DATASET EXTRACT:
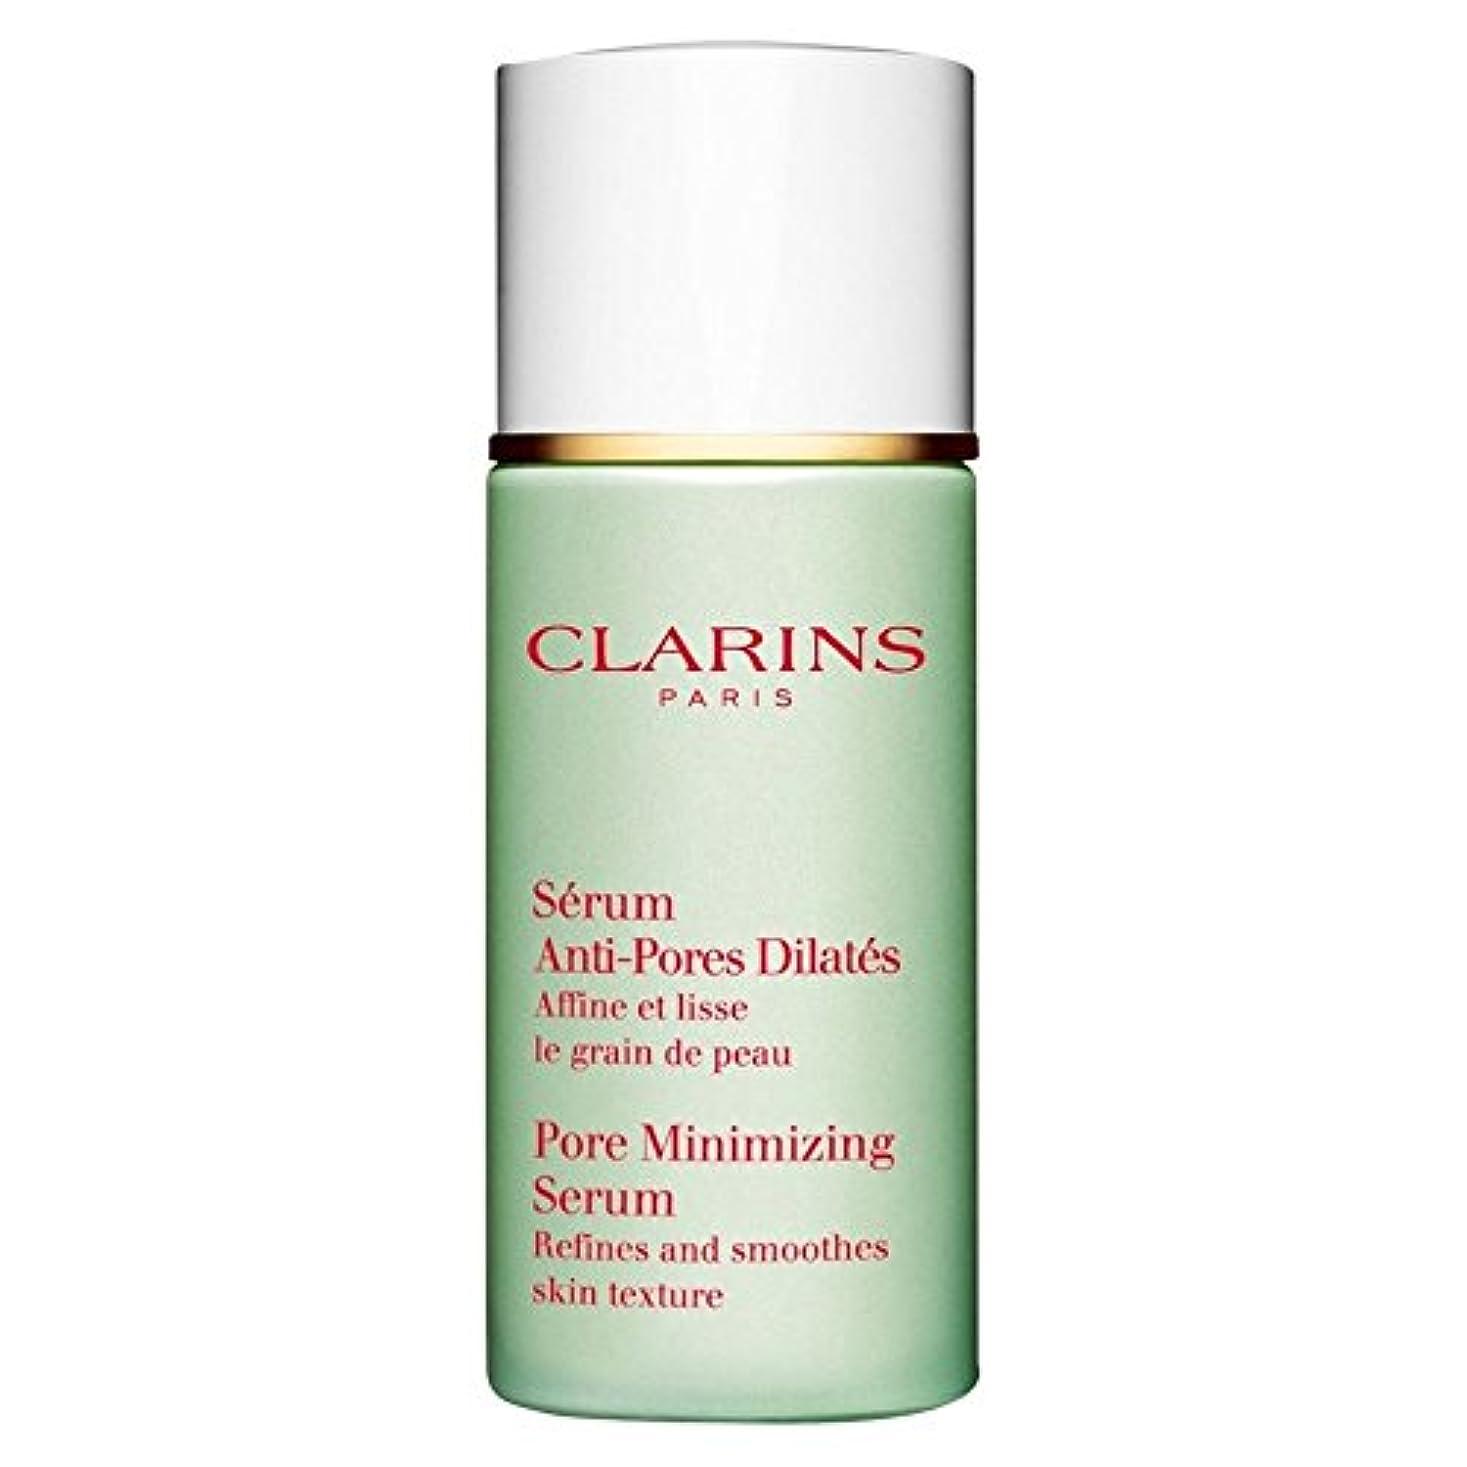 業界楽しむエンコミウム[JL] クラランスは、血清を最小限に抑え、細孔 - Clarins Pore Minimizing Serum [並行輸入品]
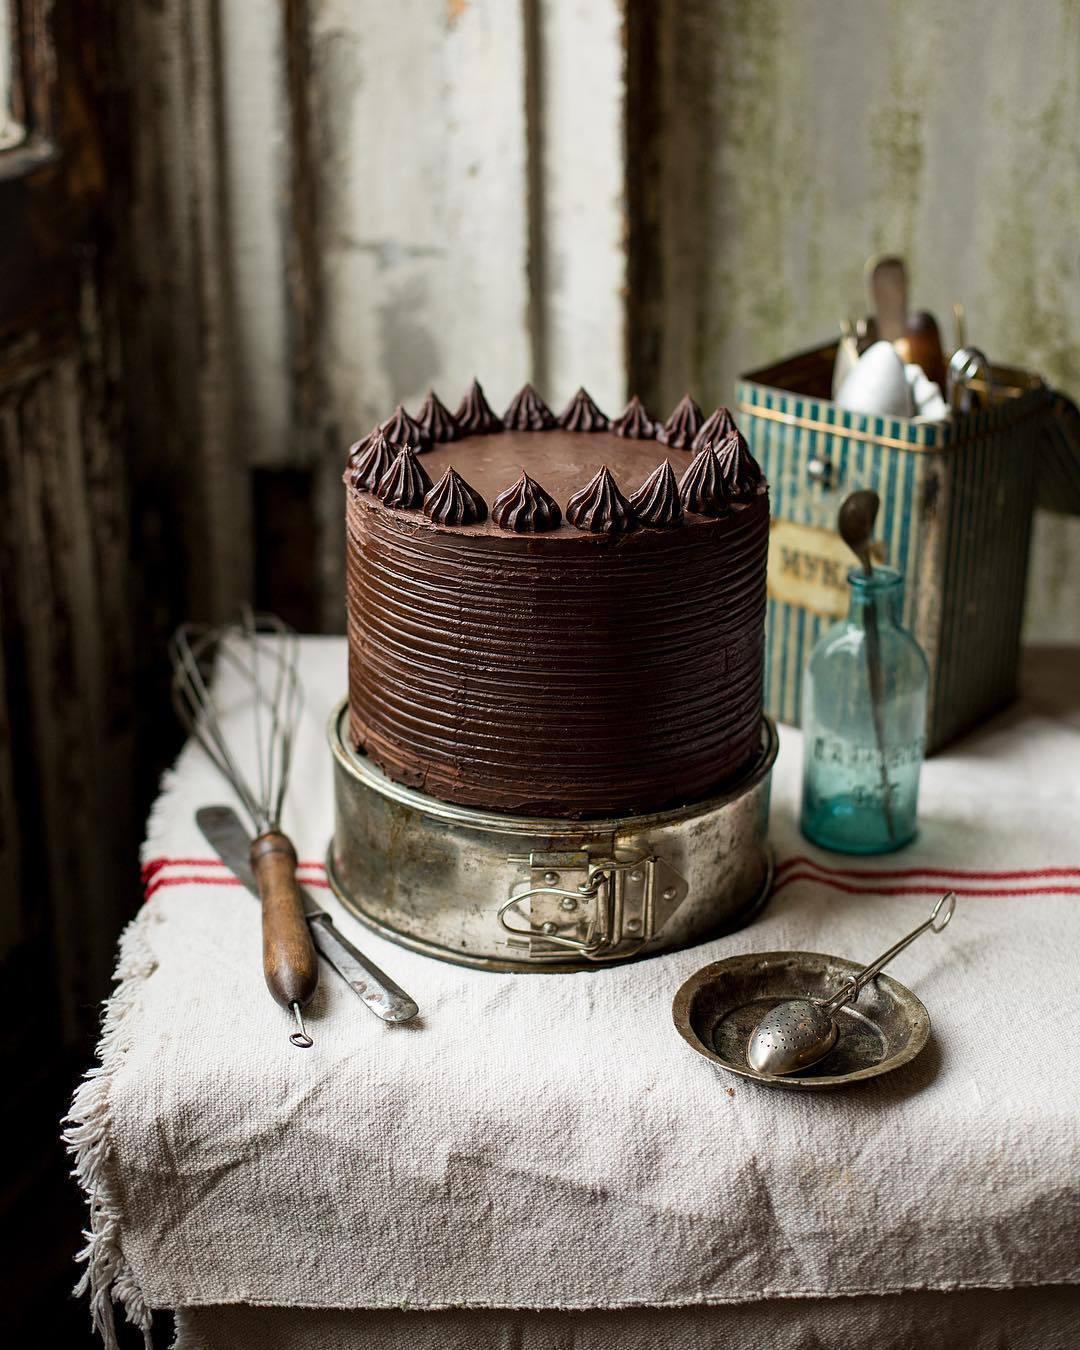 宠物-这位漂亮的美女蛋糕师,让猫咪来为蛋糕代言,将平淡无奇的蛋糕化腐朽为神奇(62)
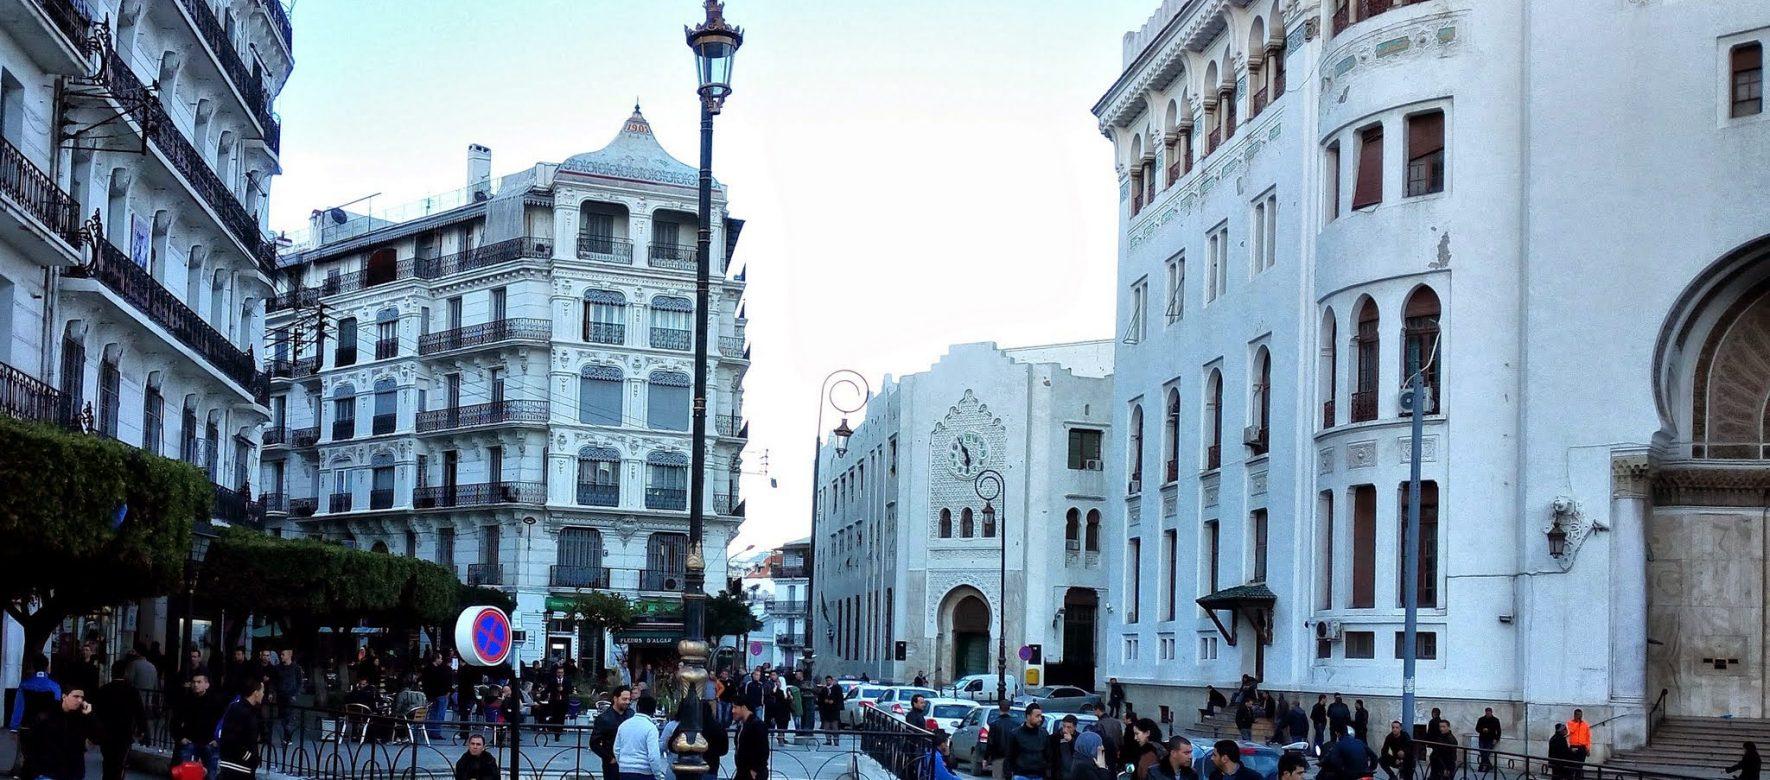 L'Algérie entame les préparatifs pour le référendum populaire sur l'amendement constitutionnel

TASK TO COMPLETE: When you retype the listing above, keep each line exactly as written and drop the pictures.

SOLUTION TO THIS TASK:
 業界楽しむエンコミウム[JL] クラランスは、血清を最小限に抑え、細孔 - Clarins Pore Minimizing Serum [並行輸入品]
 宠物-这位漂亮的美女蛋糕师,让猫咪来为蛋糕代言,将平淡无奇的蛋糕化腐朽为神奇(62)
 L'Algérie entame les préparatifs pour le référendum populaire sur l'amendement constitutionnel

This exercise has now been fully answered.